Electric vehicles save Fort Riley money
October 22, 2010
FORT RILEY, Kan. -- Saving the installation more than $5,700 per year, the First Sergeants Barracks Program utilizes six electric vehicles to move in and around the brigade areas in support of barrack's assignments, terminations and maintenance calls.
"The use of electric vehicles at Fort Riley benefits in several ways, the two most obvious is in the reduced emissions to the environment and the reduced consumption of fuels and maintenance costs," said Steve Milton, unaccompanied personnel housing/First Sergeants Barracks Program branch chief with the housing division, Directorate of Public Works. "At an average fuel and maintenance consumption of $80 per month, times six vehicle equates to $480 per month, times 12 months - $5,760 per year."
This is a significant decrease in the cost of utilizing a regular vehicle at about $225 per month with lease, fuel and maintenance, he said.
The vehicles are utility vehicles manufactured by Columbia ParCar Corporation, Reedsburg, Wis. Stood up in October 2009 at Fort Riley, the First Sergeants Barracks Program is part of the Army plan to improve the quality of life for single Soldiers and to standardize the management of barracks Army-wide.
"FSBP assumes the responsibility of maintaining daily operations away from assigned units and puts it on garrison staff in a style similar to property and apartment complex management," Milton said.
The goals of the program includes improving barracks' utilization, managing vacant barracks' space during deployment, reducing maintenance response time, decreasing building damages and extending the life of the facilities, thus improving the quality of life for Soldiers, he said.
"It also is a proven cost saver for the Army by consciously taking better care of the barracks and reducing payments for basic allowance for housing to single Soldiers," Milton said.
The program is built upon the Army leader's involvement in the well-being of junior enlisted Soldiers residing in barracks, he said. It also will enhance the commander's ability to concentrate on his primary organizational missions, while still maintaining influence in the welfare of these Soldiers.
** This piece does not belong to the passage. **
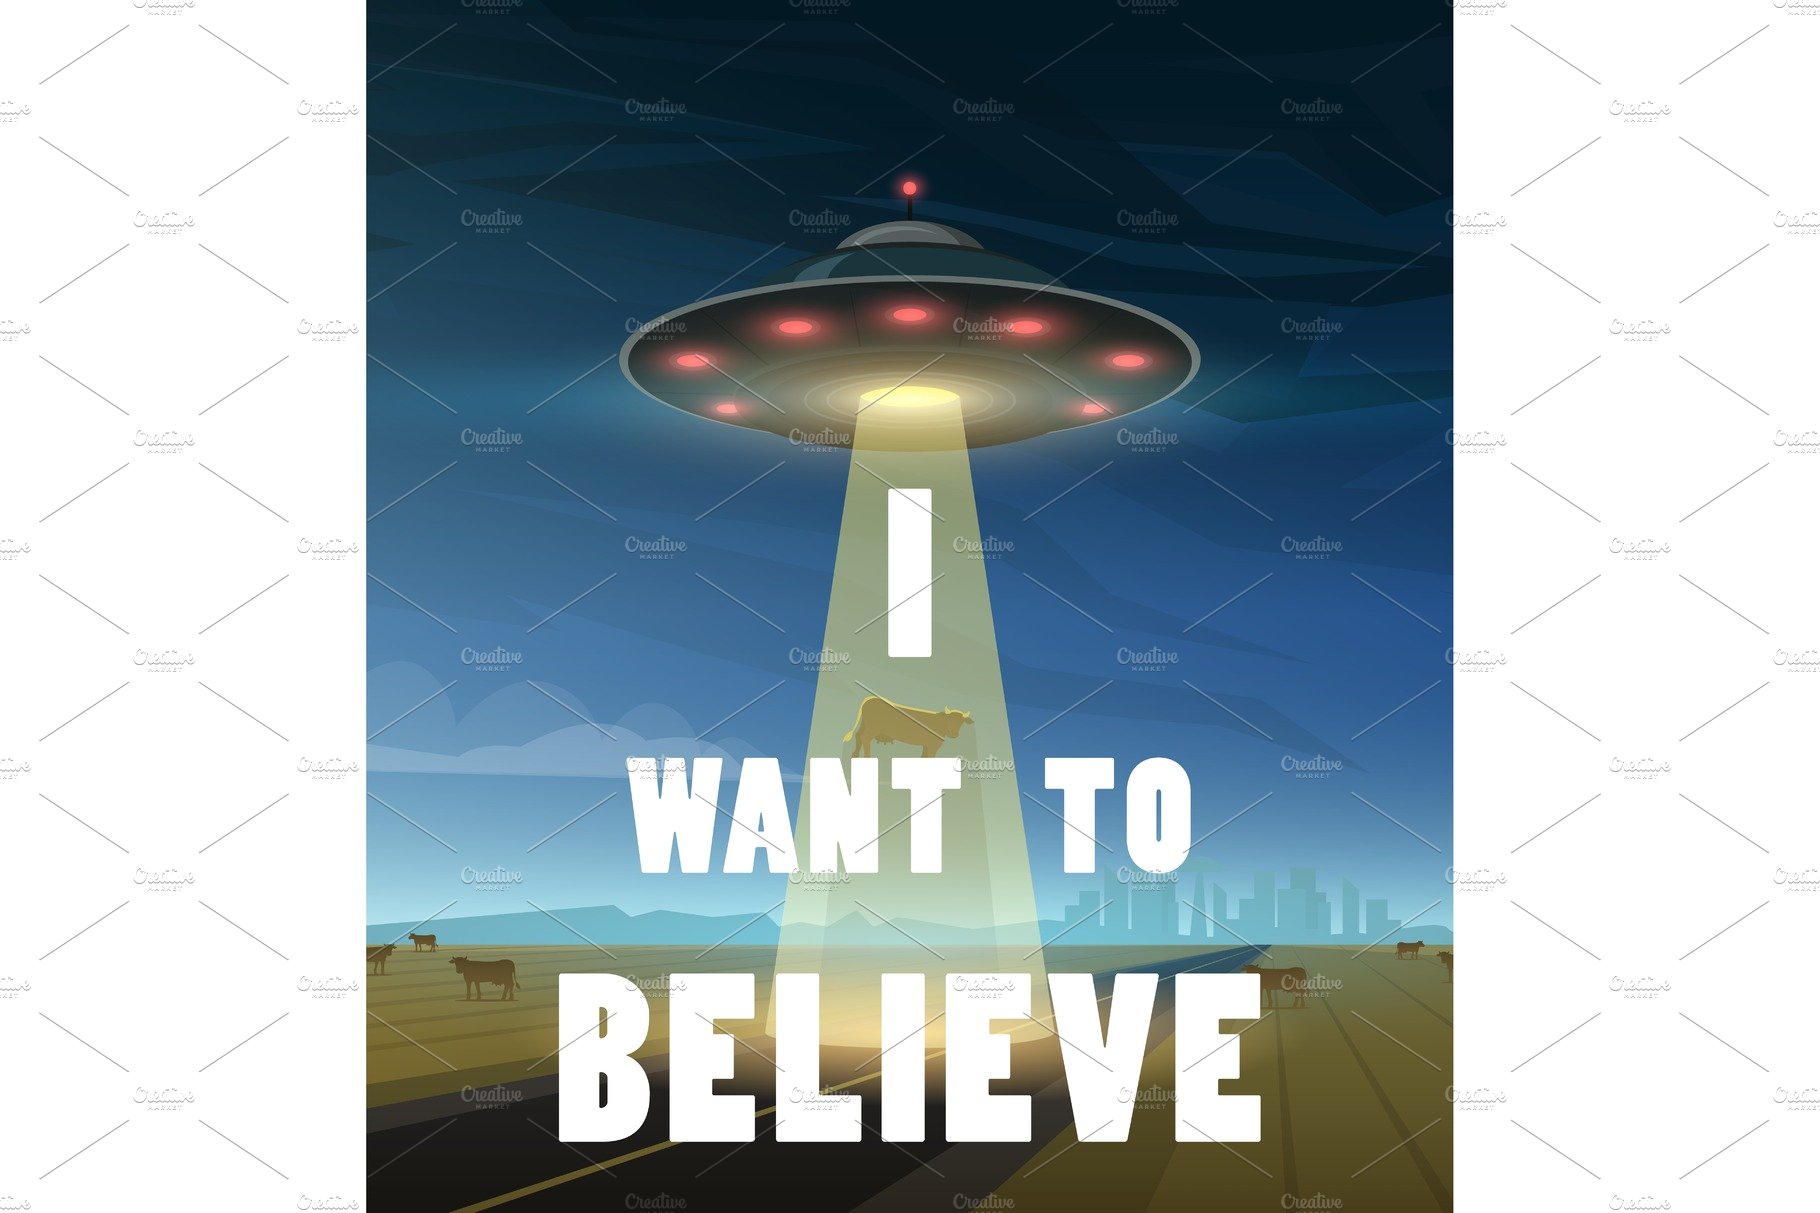 UFO or Flying saucer in space cover image.

"Taking care of Soldiers is a readiness issue," Milton said. "Installations are communities where the Army lives, trains, works, mobilizes and deploys. The quality and character of these installations is the keystone to caring for the Army's most precious resource. The underlying premise is that our Soldiers living on our installations deserve the same quality of life afforded the society they have pledged to defend."